3 yıl üzerine yatıldıktan sonra birdenbire TCK 301. madde değişikliği gündeme düşüyor. Ama değişikliğin alelacele ele alındığı o kadar belli ki "Ön izni cumhurbaşkanı mı versin, yoksa Adalet Bakanı mı?" sorusuna her bir yetkili farklı cevap veriyor.
Belli ki, tıpkı "Velev ki..." sözleri ile başlayan dönemde türbana özgürlüğü diğer anayasal değişikliklerden ayırarak AKP’nin MHP’nin peşine takılıp sürüklendiği gibi, 301 konusunda da "kervan yolda düzülür" mantığı ile hareket ediliyor.
Şimdi "301 değişikliği" ile AB’ye şirin gözükülecek, ama 301’e dokundurtmamakta yeminli MHP’den de parti kapatmayı zorlaştırma konusunda destek istenecek!
* * *
Recep Tayyip Erdoğan bir şeyler söylüyor, söylenen sözleri en yakın mesai arkadaşları bile tıpkı bizler gibi TV’lerde duyuyorlar ve o andan itibaren söylenen sözlere mecburen sahip çıkıyorlar.
Bu garabet AKP’de devamlı yaşanıyor. Başbakan’ın "ben merkezli" ruh hali bütün partiyi teslim almış durumda. O ne buyurursa AKP’liler de öyle davranmaktan başka çare bulamıyorlar.
AKP’de son iki aydır herkes şaşkın.
Sıkı ise tepki ver.
"İşte kapı, işte sapı!"
* * *
TV’ye bakıyorum. AKP’nin bir ilde tertip ettiği gençlik kurultayında avaz avaz "10. Yıl Marşı" okunuyor. Stilize edilmiş şekli ile bu marş 28 Şubat döneminin simgesi olmuştur. Dönemin komutanlarının yarattıkları psikolojik harekát ile marş tıpkı İstiklal Marşı gibi ayakta söylenirdi.Haşa marşın kendisine değil ama 28 Şubat’ta kullanıldığı şekle gıcık olmamak mümkün değildir. Geçmişini inkár etmeyen hiçbir AKP’linin bu marşı içten söylemesi insan fıtratına uymaz.
Ama oluyor işte, AKP’liler avaz avaz söylüyorlar.

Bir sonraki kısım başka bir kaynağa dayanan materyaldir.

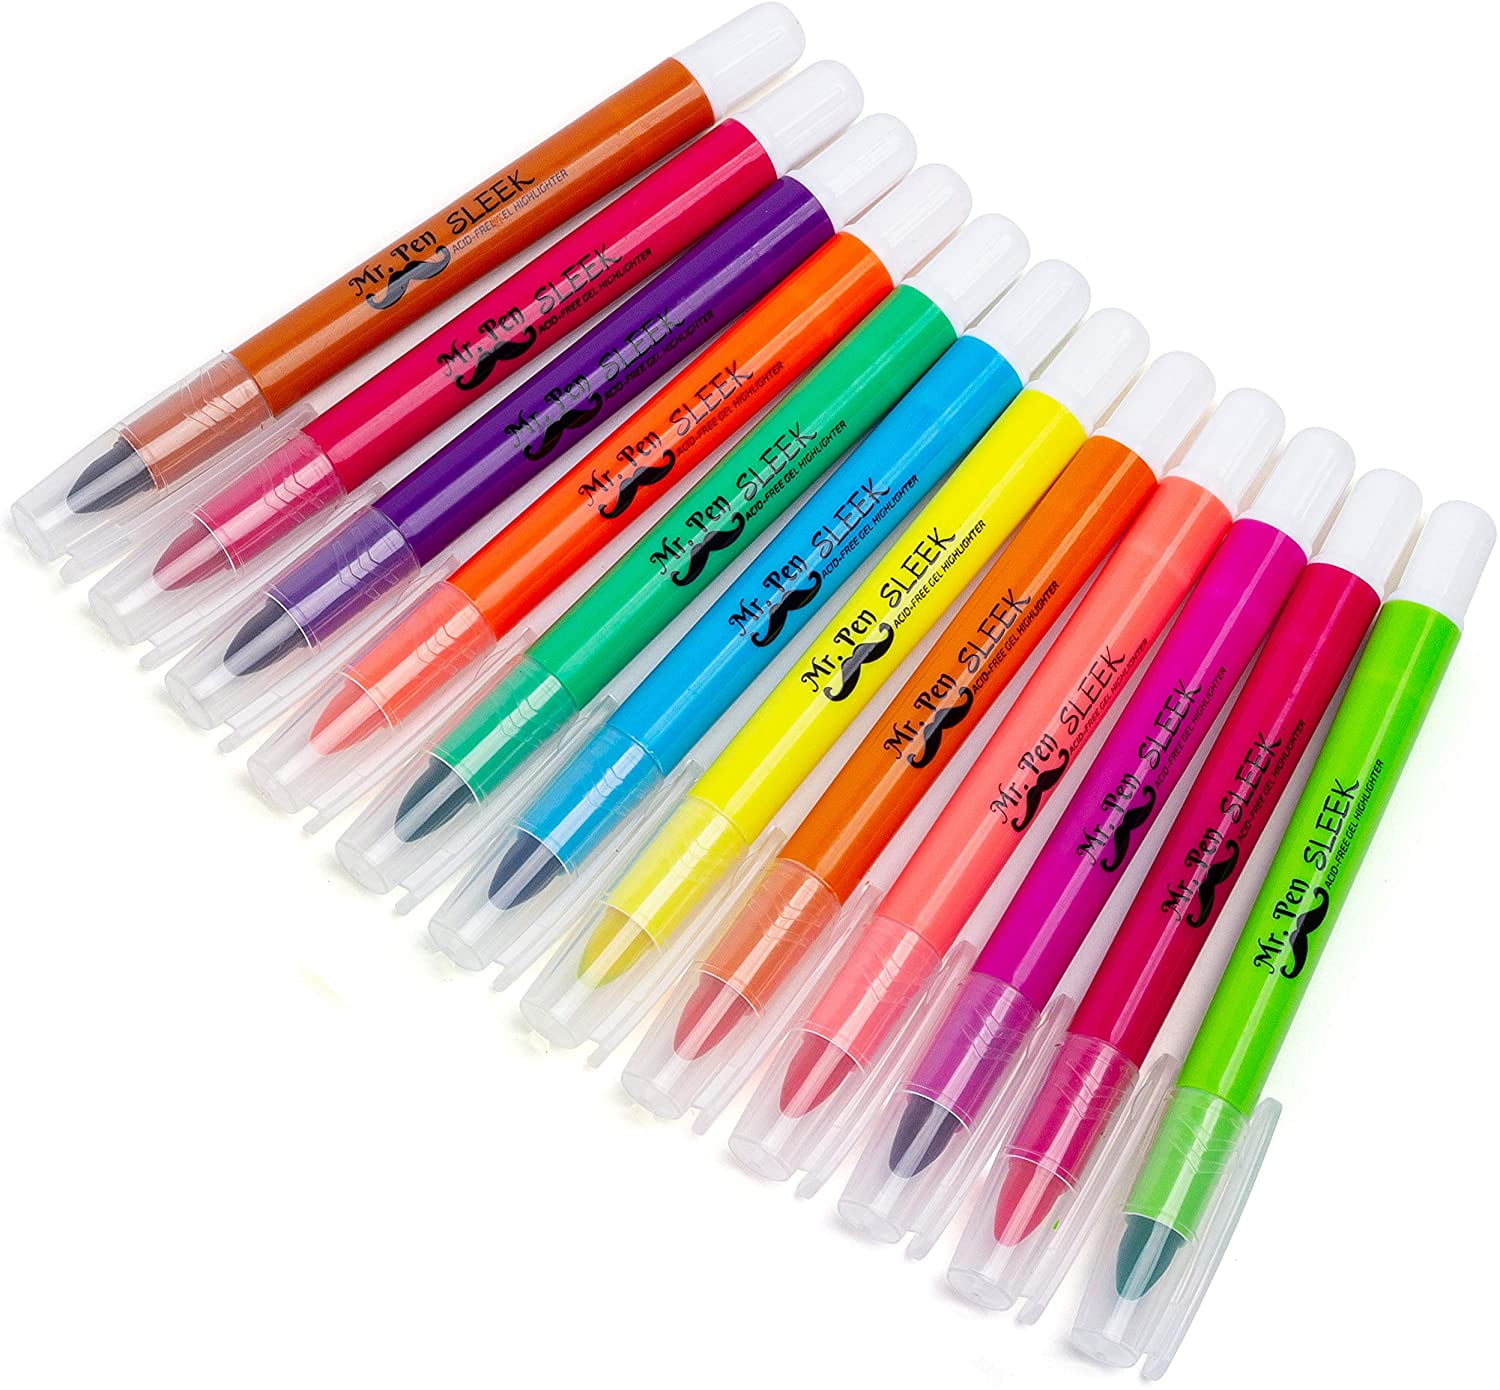 Enday Gel Highlighters Colored High Lighters for Bibles and School  Journaling No Bleed 1 Pack of 3

Salona bakıyorum, türbanlı kızlar, kadınlar adeta sırra kadem basmışlar.
* * *
Başbakan nereden bulmuşsa bulmuş, zamanında İnönü resimleri ile basılmış banknotları kürsüden sallıyor. "CHP Atatürkçü değil!" demeye getiriyor. Maşallah, ağzından laiklik kelimesi düşmüyor. AKP hem Atatürkçü hem de laikliğin bekçisi!
Parti kapatma davasından evvel gürül gürül esen, insanları incitmekten zerre kadar ürkmeyen, laiklik hassasiyeti yüksek kesimden intikam almayı kendine iş edinen, türbanın siyasal simge olma ihtimalini pervasızca haykırarak Anayasa’nın 24. maddesini açıkça ihlal eden başbakan gitmiş, yerine "Bal dök yala!" kıvamında bir başbakan gelmiş.
Neden?
a-) Başbakan yaptığı hataları anlamış, AB’ye inancı yeniden alevlenmiş, herkesi kucaklamadığı için medanet duymuş, hem özü hem sözü demokrat bir kişi de ondan.
b-) Partisinin kapatılmasının doğrudan kendisine zarar vereceğini çözdü, AKP’nin altından bir halı gibi çekileceğini biliyor, hazırlanan alternatif senaryoların farkında, inancı da zoru görünce takiye yapmaya cevaz verdiğine göre köprüyü geçinceye kadar uslu durmanın hiçbir zararı yok düşüncesinde.
Şıklar arasında seçim sizin!
* * *
Ben insanların iç-tutarlılığına büyük önem veriyorum. İnsanların benimle aynı görüşte olma mecburiyetleri yok. Ama neyi savunurlarsa savunsunlar tutarlı olmak zorundalar.
Aksi halde onlara saygı duyamıyorum.
Hangisi gerçek AKP, hangisi gerçek Erdoğan; benim aklım karıştı!